● Your goal: What is needed is the full listing written out exactly, minus the pictures.

Data below Block Start

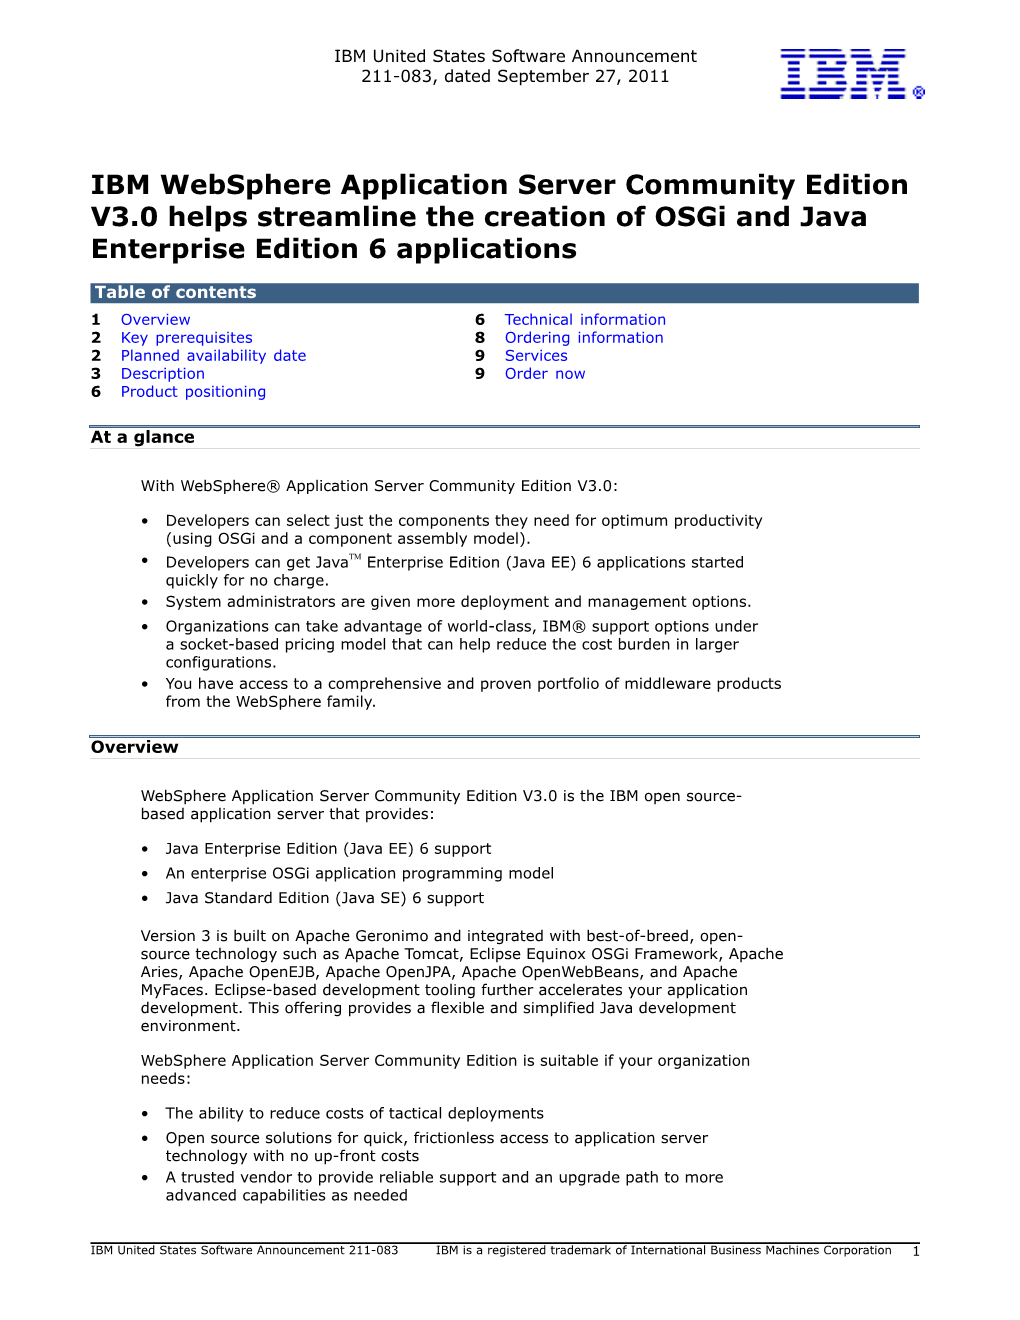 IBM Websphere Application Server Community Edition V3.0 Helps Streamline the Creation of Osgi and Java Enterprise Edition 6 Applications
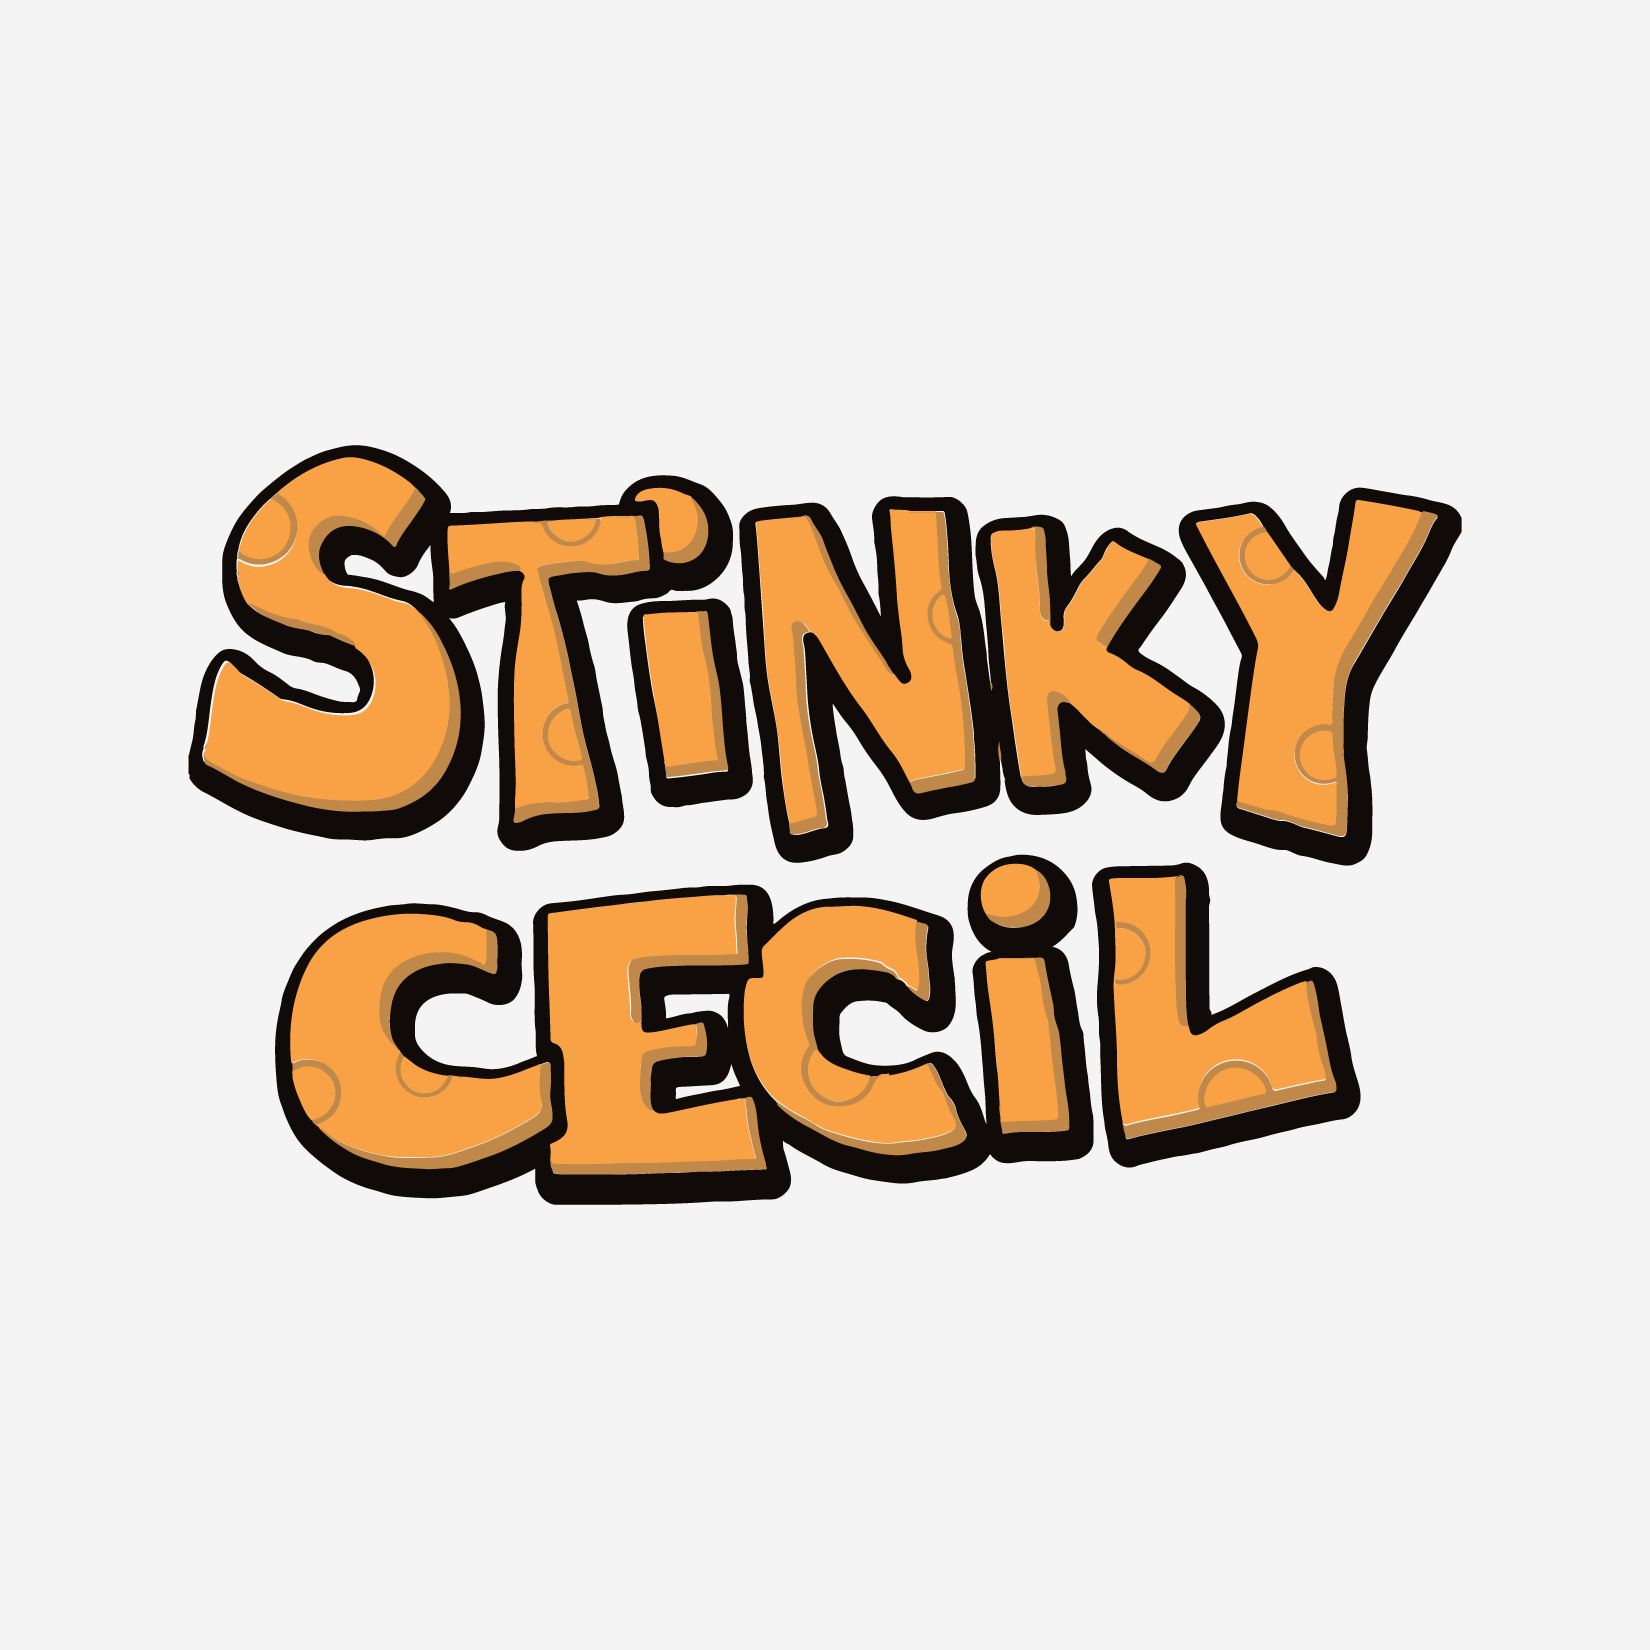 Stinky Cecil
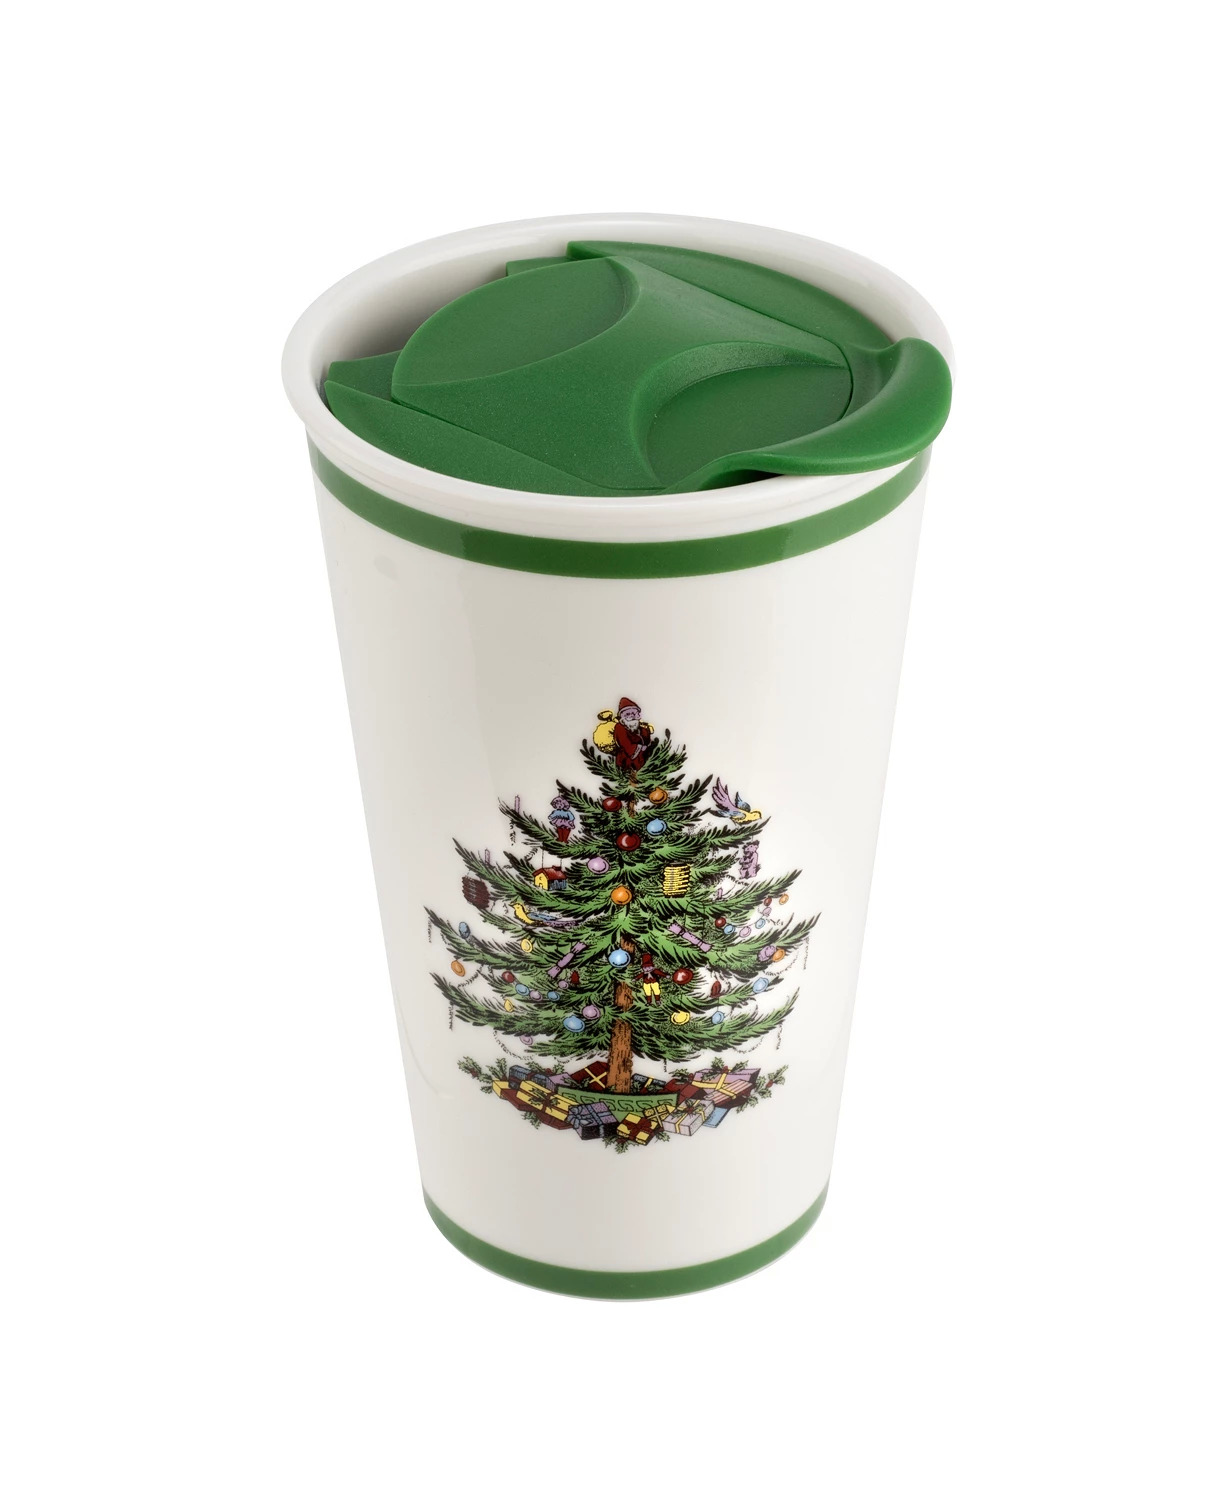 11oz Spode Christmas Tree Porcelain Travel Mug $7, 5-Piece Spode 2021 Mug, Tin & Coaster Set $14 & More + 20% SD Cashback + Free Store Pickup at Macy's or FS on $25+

Data below Block End

● Output of the task:
 IBM Websphere Application Server Community Edition V3.0 Helps Streamline the Creation of Osgi and Java Enterprise Edition 6 Applications
 Stinky Cecil
 11oz Spode Christmas Tree Porcelain Travel Mug $7, 5-Piece Spode 2021 Mug, Tin & Coaster Set $14 & More + 20% SD Cashback + Free Store Pickup at Macy's or FS on $25+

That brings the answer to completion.